The order that those materially changed circumstances compel the court to make must meet the best interests of the child: Miranda v. Miranda, 2013 ONSC 4704, at para. 26, Radojevic v Radojevic , ibid, Chyher v. Al Jaboury, 2021 ONSC 8191, at para. 15, citing the previous decision in the same case at 2021 ONSC 4358 at para. 26, Greve v. Brighton, 2011 ONSC 4996, at para 24.

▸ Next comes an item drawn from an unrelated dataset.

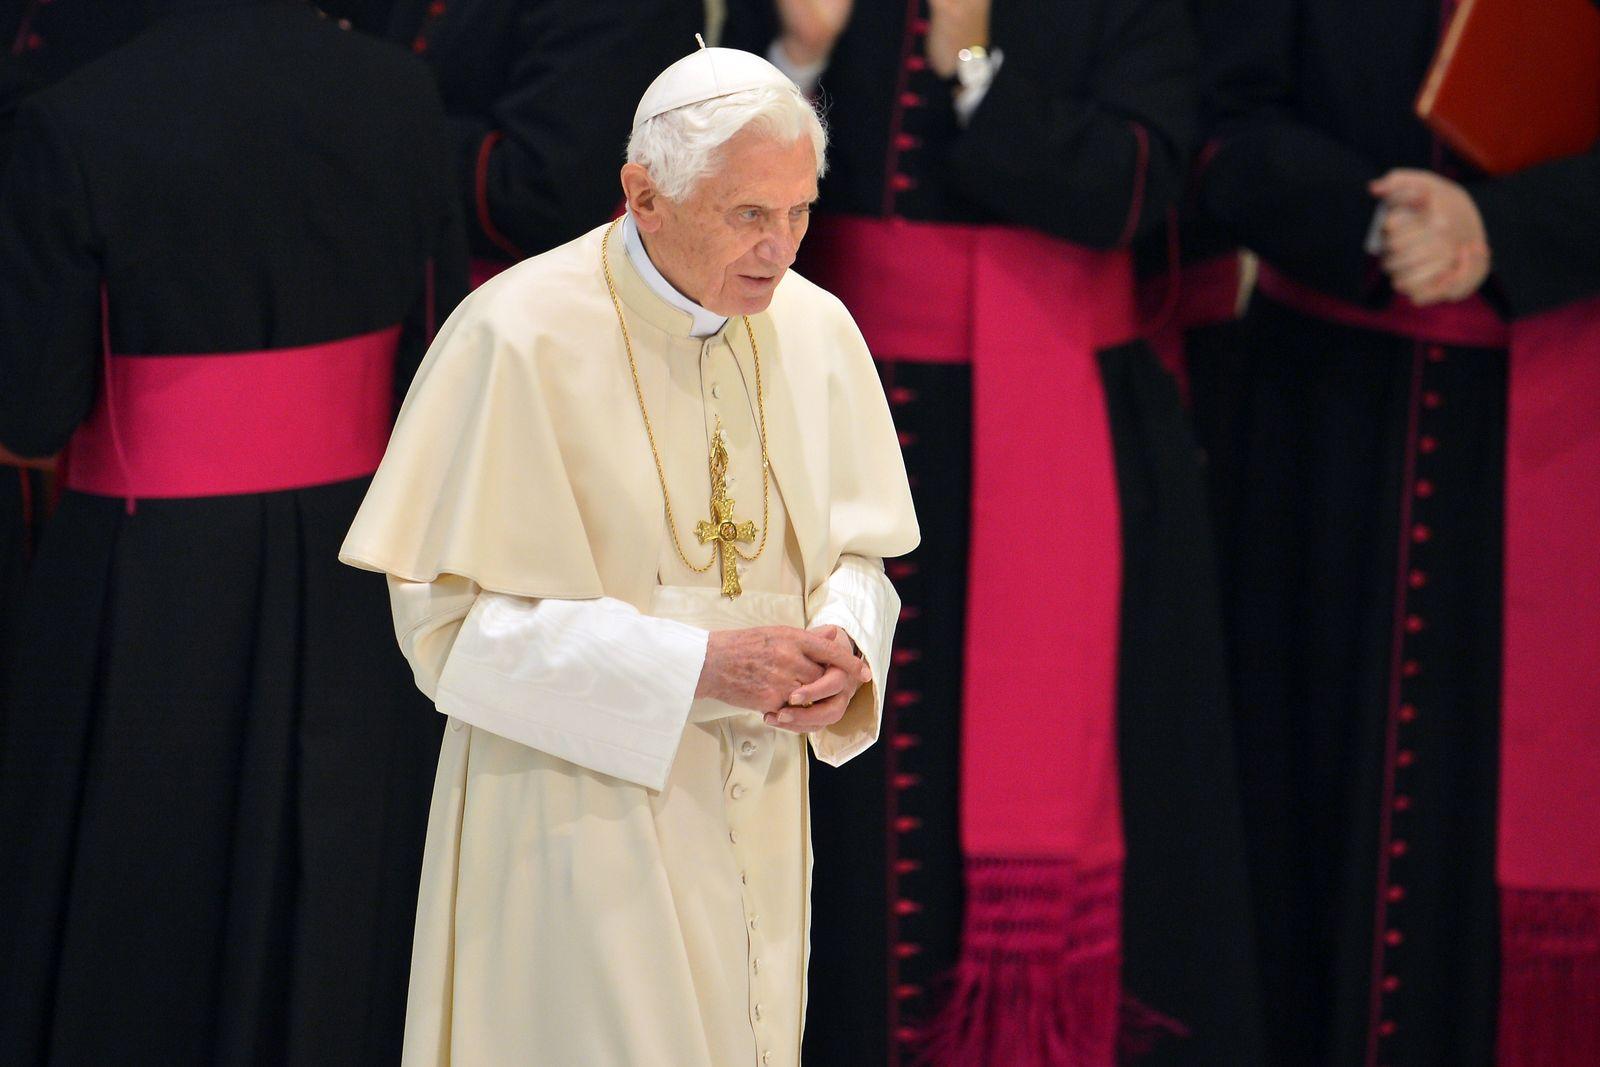 Papst / betroffen

While there are differing articulations of the test for bringing motions to vary an interim parenting order, in effect, they are not all that different. They emphasize that the focus is to be on the children, and the impact of a change or circumstance on the children, rather than the effect that they will have on the parents.
There is a high onus for litigants seeking to challenge or revisit temporary parenting orders. Maintaining the status quo is seen as being better for both parties and the court system as a whole: It provides children with stability and encourages parties to move toward the resolution of their matter. Such an approach also saves legal fees and court resources and is undoubtedly better for the mental health of the parties than constantly reopening orders that were intended to be interim.
It is clear that it is not in a child’s best interests to, as Justice Kurz put it in Radojevic, “leave it open to deep pocketed and litigious parents to continuously litigate without having to bother to go to trial.”